"You have never yet managed her or yourself either," was the spoiled old servant's parting shaft.

Kano sat watching the slender, errant figure in the garden. Yes, she had taken it calmly,—more calmly than he could have hoped. How beautiful was the poise, even at this distance, of the delicate throat, and the head, with its wide crown of inky hair! Each motion of the slow-strolling form in its clinging robes was a separate loveliness.

Kano drew a long sigh. He could not blind himself to Tatsu's savagery. This was not the sort of husband that Umè had a right to expect from her father's choice,—a youth not only penniless, and without family name, but in himself unusual, strange, with look, voice, gesture, coloring each a clear contrast to the men that Umè-ko had seen. He could not bear the thought of her unhappiness, and yet, at any sacrifice, Tatsu must be kept an inmate of their home.

The girl had stopped beside the sunlit pond, leaning far over. She did not seem to note the clustering carp at all, but rather dwell upon her own image, twisted and shot through with the gold of their darting bodies. Now, with dragging feet she went to the moon-viewing hill, remaining in the shadow of it, and pausing for long thought. Her eyes were on the cliff, now raised to the camphor tree. Suddenly she shivered and hid her face. What was the tumult of that ignorant young breast?

The old man rose and went to an inner room where hung the Butsudan, the shrine. He stood gazing upon the ihai of his wife. His lips moved, but the breath so lightly issued that the flame on the altar did not stir. "She, our one child, has come now to the borders of that woman-land where I cannot go with her," he was saying. "Thou art the soul to guide, and give her happiness, thou, the dear one of my life,—the dead young mother who has never really died!" He folded his hands now, and bowed his head. The small flame leaned to him. "Namu Amida Butsu, Namu Amid a Butsu," murmured the old man.

Out by the hill, a butterfly, snow white, rested a moment on the young girl's hair. She was again looking at the cliff, and did not notice it.

V

Ando Uchida, from his green seclusion among the bamboo groves of Meguro, sent, from time to time, a scout into the city. First an ordinary hotel kotsukai or man-servant was employed. This experiment proved costly as well as futile. The kotsukai demanded large payment; and then the creature's questions to Mata were of a nature so crude and undiplomatic that they aroused instant suspicion, causing, indeed, the threat of a dipper of scalding water.

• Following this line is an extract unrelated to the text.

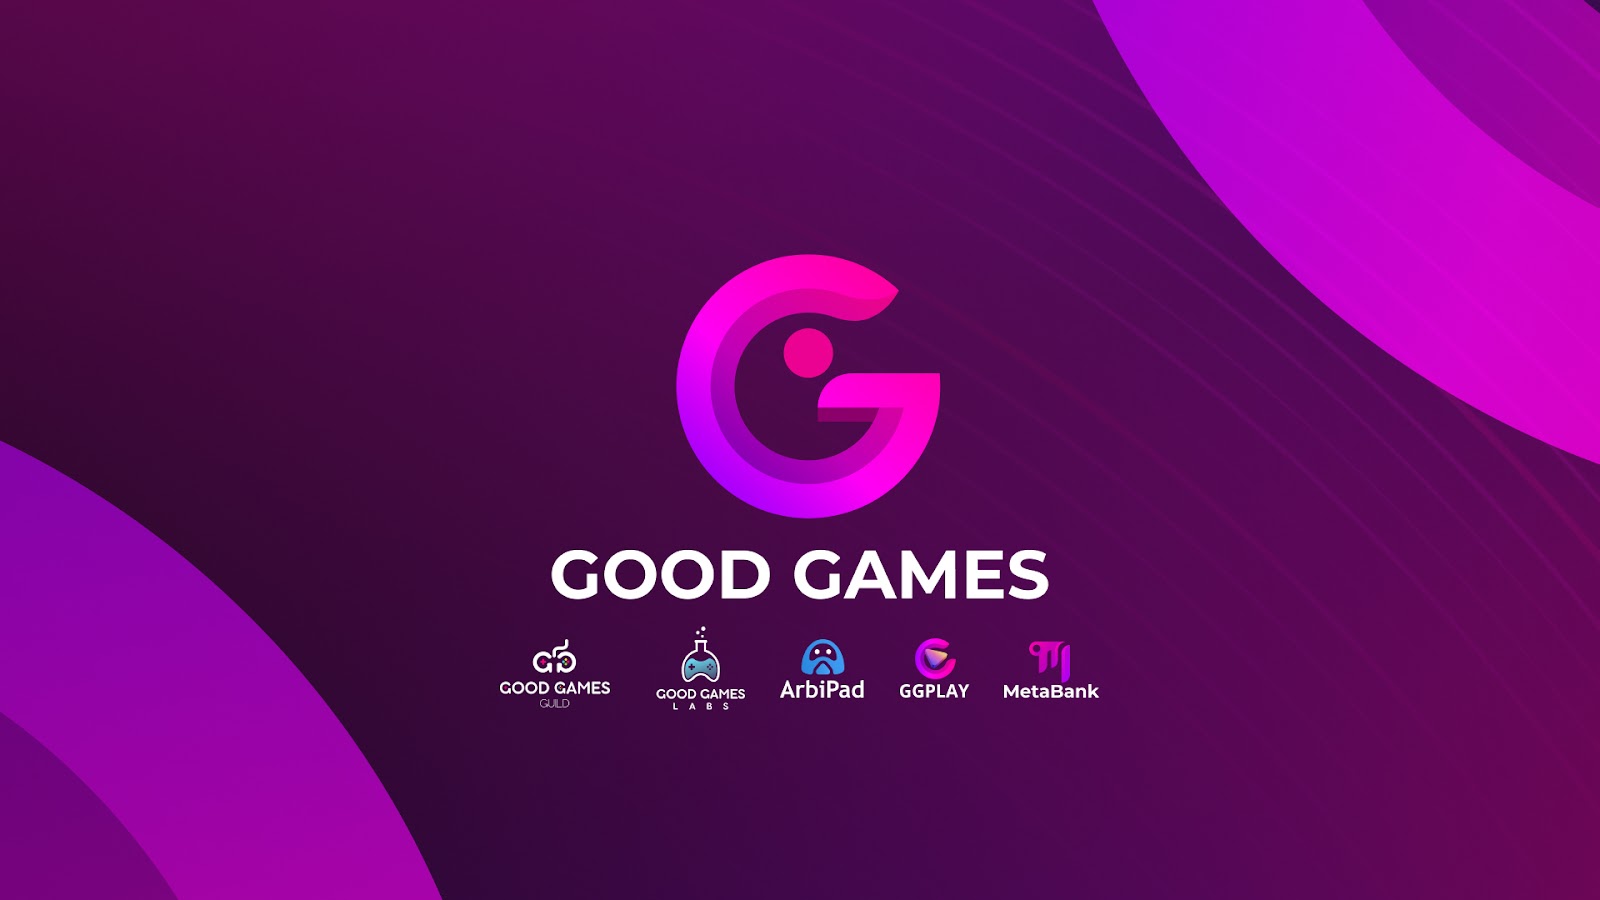 Good Games: Empower and Accelerate Potential of WEB3 Industry - Good Games  Guild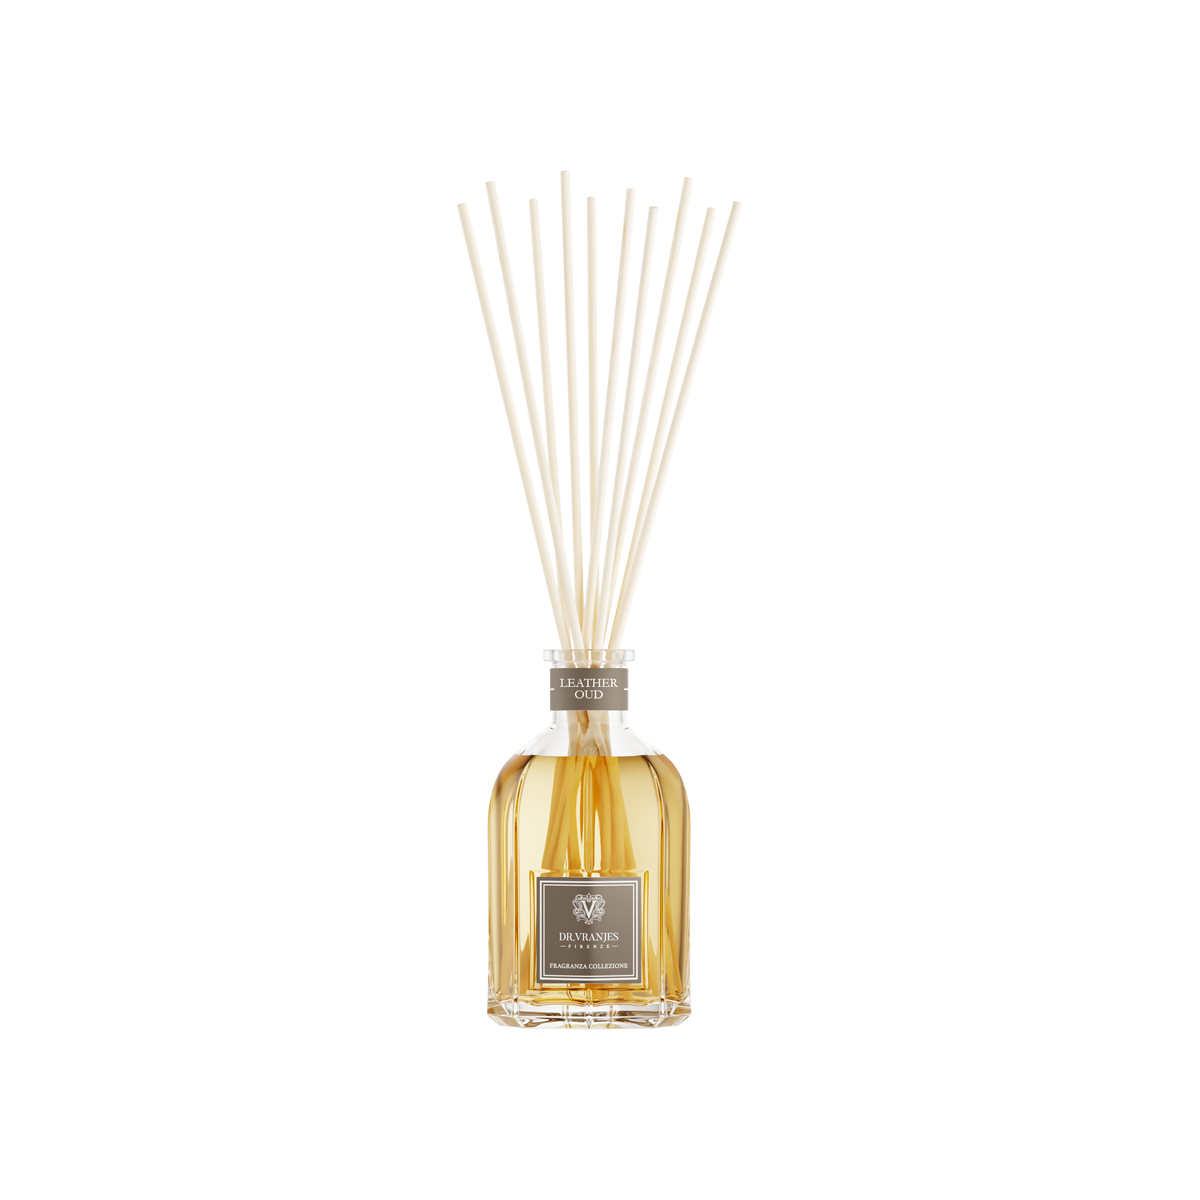 Dr. Vranjes Firenze - Leather Oud Diffuser

The next messenger was an insect peddler, Katsuo Takanaka by name. It was the part of this youth to search daily among the bamboo stems and hillside grasses of Meguro for the musical suzu-mushi, the hataori, and the kirigirisu. These he incarcerated in fairy cages of plaited straw, threaded the cages into great hornets' nests that dangled from the two ends of his creaking shoulder-pole, and started toward the city in a perfect storm of insect music. The noise moved with him like a cloud. It formed, as it were, a penumbra of fine shrilling, and could be heard for many streets in advance. This itinerant merchant was commissioned to haunt the Kano gate until impatience or curiosity should fling it wide for him. Then, after having coaxed old Mata into making a purchase, he was to engage her in conversation, and extract all the domestic information he could. Unfortunately for the acquisition of paltry news, it was Umè-ko, not Mata, who came out to purchase. The seller, watching those slim, white fingers as they fluttered among his cages, the delicate ear bent to mark some special chime, forgot the words of Ando Uchida, otherwise, Mr. S. Yetan, of Chikuzen, forgot everything, indeed, but the beauty of the girlish face near him.